Of the entries below, return only those lines from the line with "Milly Mally Scooter Magic Blue-Green Milly" to the line with "How to Make Better Financial Decisions", exactly, both included.

** Material for the task follows **

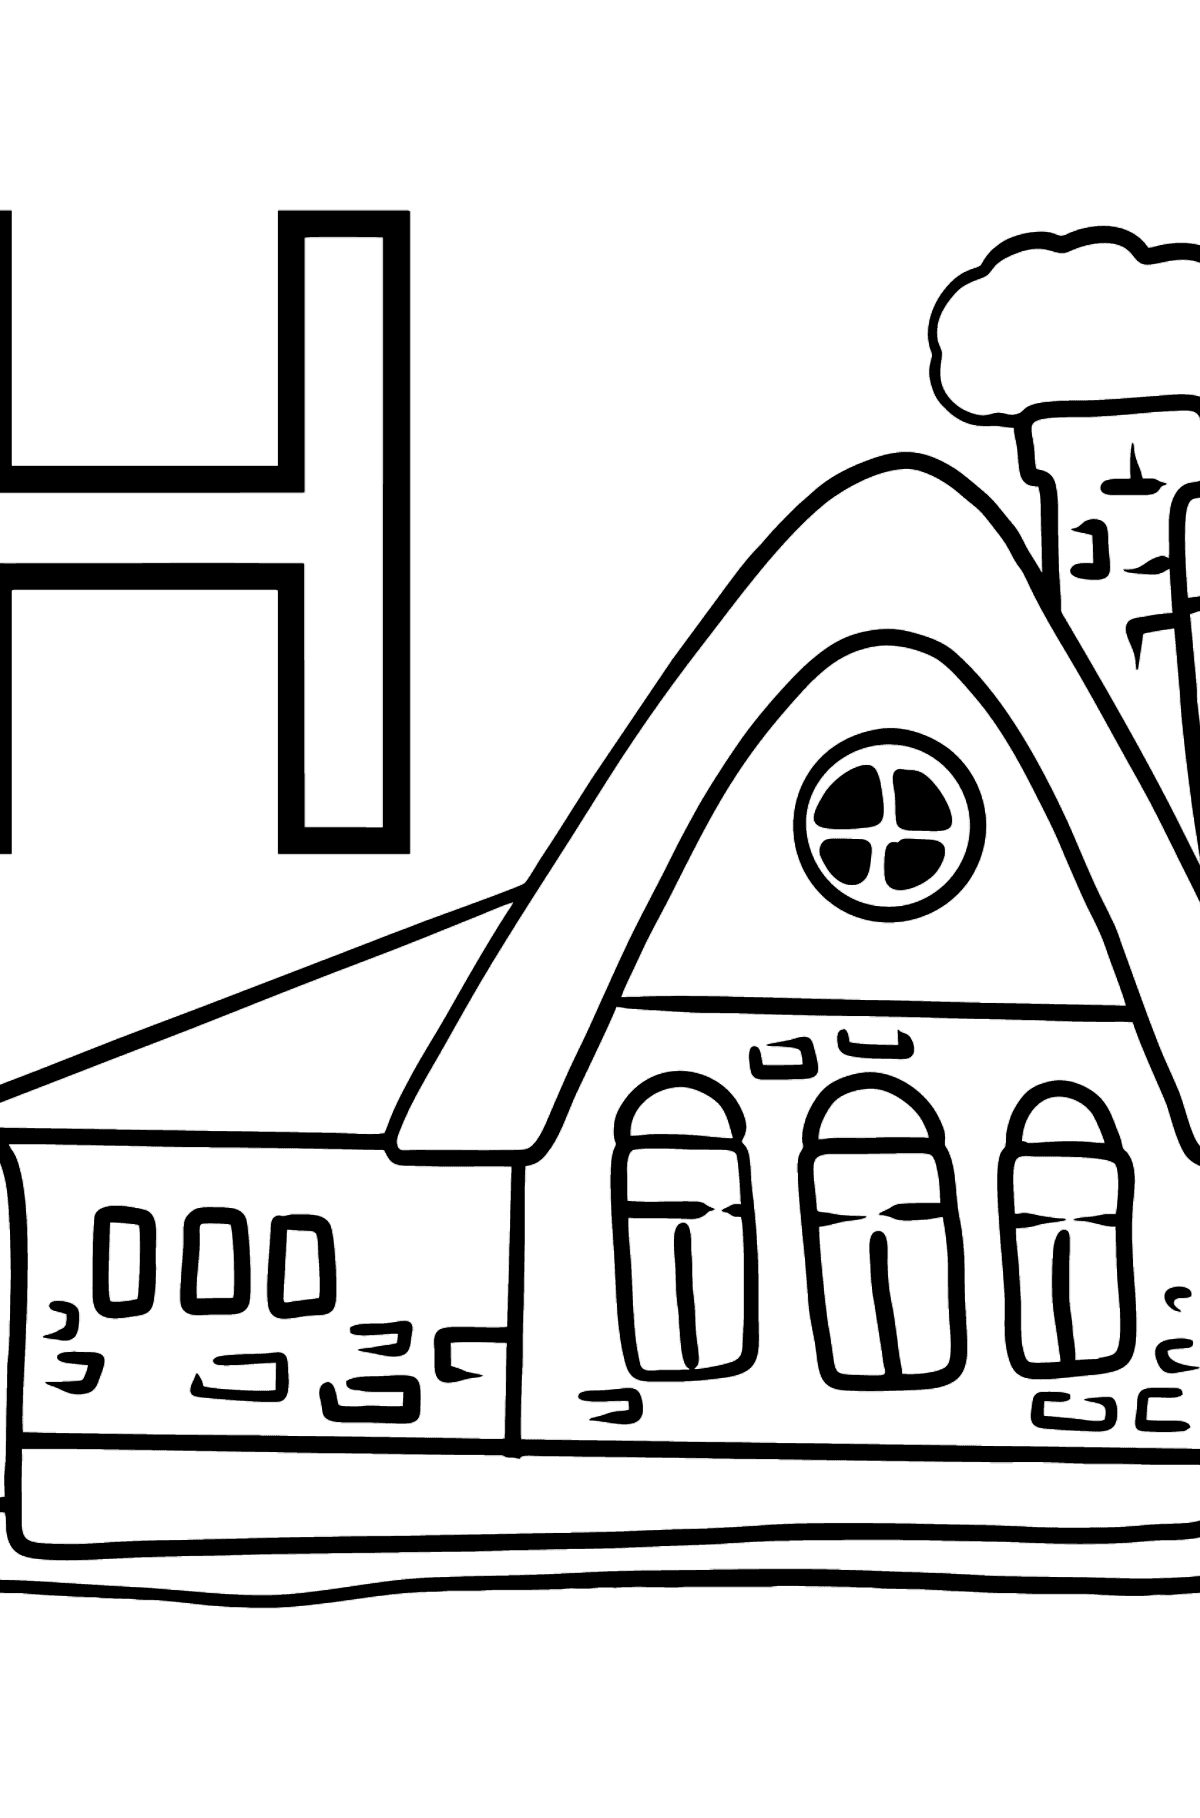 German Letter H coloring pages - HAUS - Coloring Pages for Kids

** End of Material for the task **
** Material for the task follows **

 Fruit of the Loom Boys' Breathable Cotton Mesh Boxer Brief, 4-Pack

** End of Material for the task **
** Material for the task follows **

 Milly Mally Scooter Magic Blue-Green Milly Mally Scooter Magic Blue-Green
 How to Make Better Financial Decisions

** End of Material for the task **

Task output:
 Milly Mally Scooter Magic Blue-Green Milly Mally Scooter Magic Blue-Green
 How to Make Better Financial Decisions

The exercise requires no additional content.